Detroit native, Nicole Sylvester began her career as a Producer/Director at Comcast Cablevision, directing live-action television, call-in talk shows, pre-teen programming and music specials. Her days at the cable company culminated in her documentary Lonely Eagles: Airmen of Tuskegee, nominated for both a national Cable ACE and a Cable ICE Award.
Nicole made the transition to film production by producing and directing the short film The Stop which played in several film festivals, winning Best Short in the Cinema Shorts Internet Film Festival, and showing on WTVS-PBS Detroit, her second short film minor blues, about on-the-edge musicians, won the Meet Martell at the Movies Film Festival; was accepted in the East Lansing Film Festival, and screened in New York through BlackFilm.com.
Nicole recently produced the web series Queen Hussy, a raunchy mock reality show comedy based in 1974, and A Home Going, a short film that is part of a feature film made up of multiple individual stories. Nicole made her feature film directorial debut with Layla’s Girl, a heartwarming film about one woman’s journey toward peace and healing after the death of her estranged mother. The film, co-starring Richard Gant (Men of A Certain Age, The Big Lebowski), had its Michigan premiere at the Museum of African American History, and has since played at the Brooklyn Indie House in New York, the Detroit Women of Color Int’l Film Festival, Urban Mediamakers Festival in Atlanta, and the Waterfront Film Festival.
Other projects that Nicole has produced or directed include the feature film 17000 Block, distributed on DVD by First Look Entertainment, the music videos for former Destiny’s Child member LeToya Luckett and rap artists Bizarre, Cosa Boys and Lil Mike Mike. As a Production Coordinator, Nicole has worked on films such as 8 Mile (Universal Pictures), 61* (HBO), Hardball (Paramount) and the Funk Brothers documentary Standing in the Shadows of Motown (Rimshot). She was Director of Distribution for Jeff Daniels feature film Super Sucker (Purple Rose Films) and programmer for the 1st Annual Farmington Funny Film Festival.

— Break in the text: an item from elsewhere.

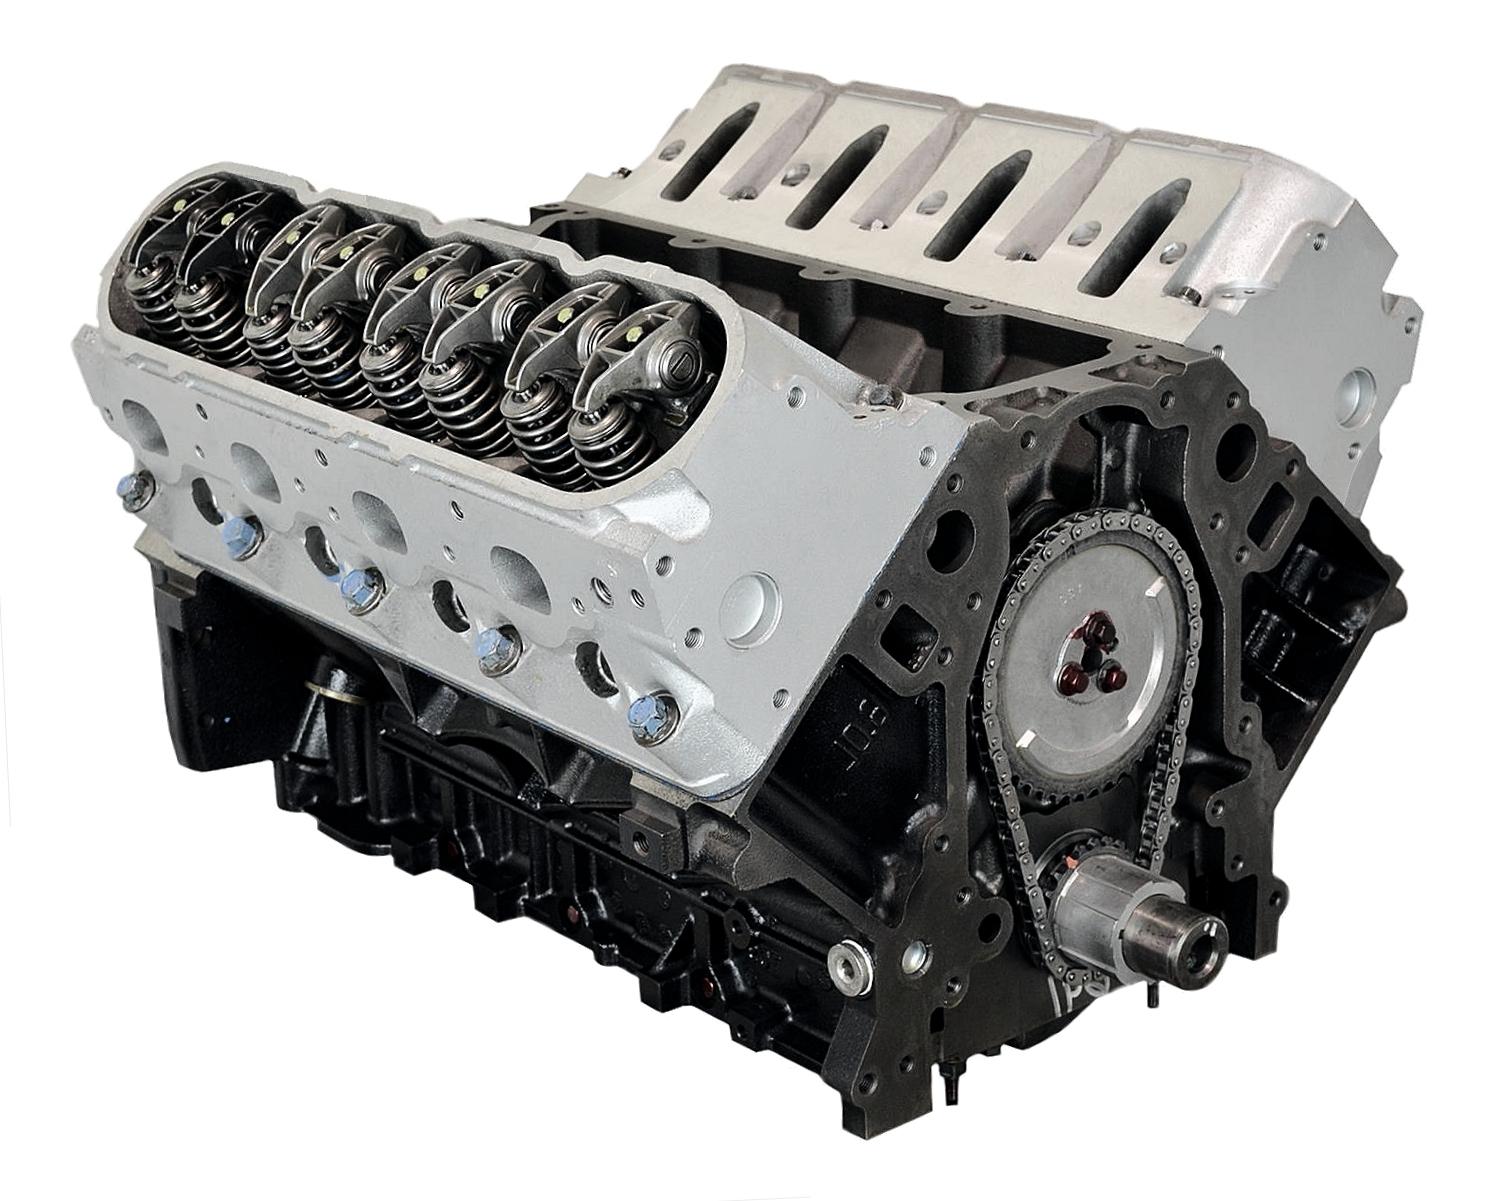 5.3 GM L59 Reman Long Block Engine Chevrolet Tahoe Vin Code: Z
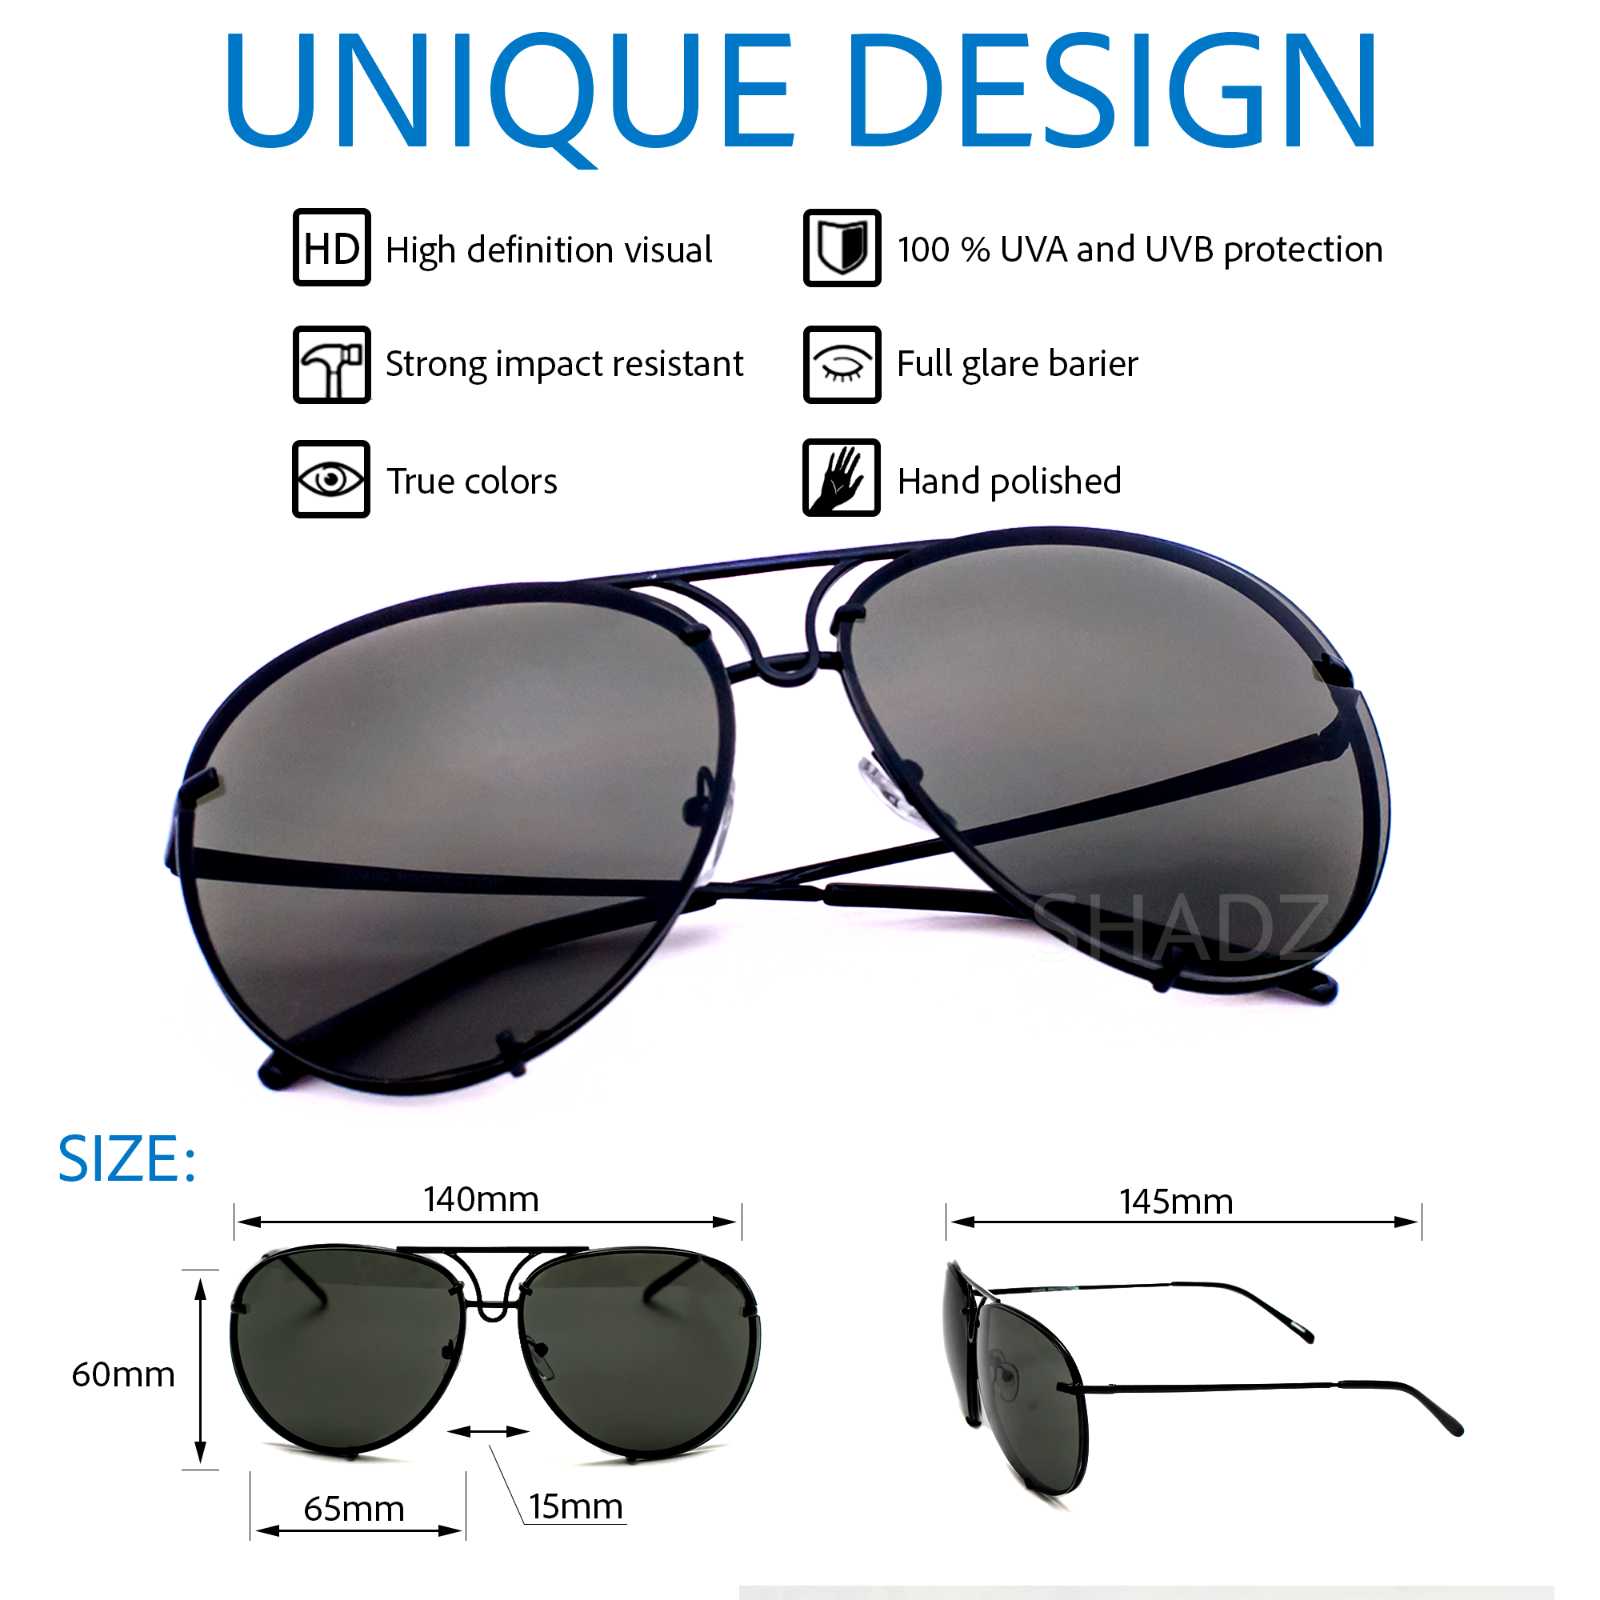 NEW XL Posche OVERSIZED Women Sunglasses Aviator Flat Top Square Shadz c

Nicole’s years of experience have garnered her many awards and accolades. In addition to award nominations for her documentary, Nicole received a Cable ICE award for her special, The North American International Auto Show and promotion of her film 17000 Block received two Telly Award nominations. She is also the recipient of three Public Benefit Corporation grants for film productions. Nicole has been a featured guest on FOX 2 News Morning, WXYZ 7 Sunday Morning News, PBS’ American Black Journal, and the WJLB FM 98 Morning Show. A member of New York Women In Film and Television, a board member of DnA and a former board member of the Detroit Film Center, she has been an invited panelist at the Mayor’s Film Office open forum in Detroit; the Motor City International Film Festival; the Detroit and Windsor International Festival of Film, the Muskegon Film Festival, the Black Cinema Café Film Screening, and at Specs Howard School of Broadcast Arts, of which she is also an alumna.
Nicole is developing several film projects including producing the feature film Baby of the Family, and her second directorial feature A Man’s World, about a wife who conspires to take over her husband’s crime syndicate.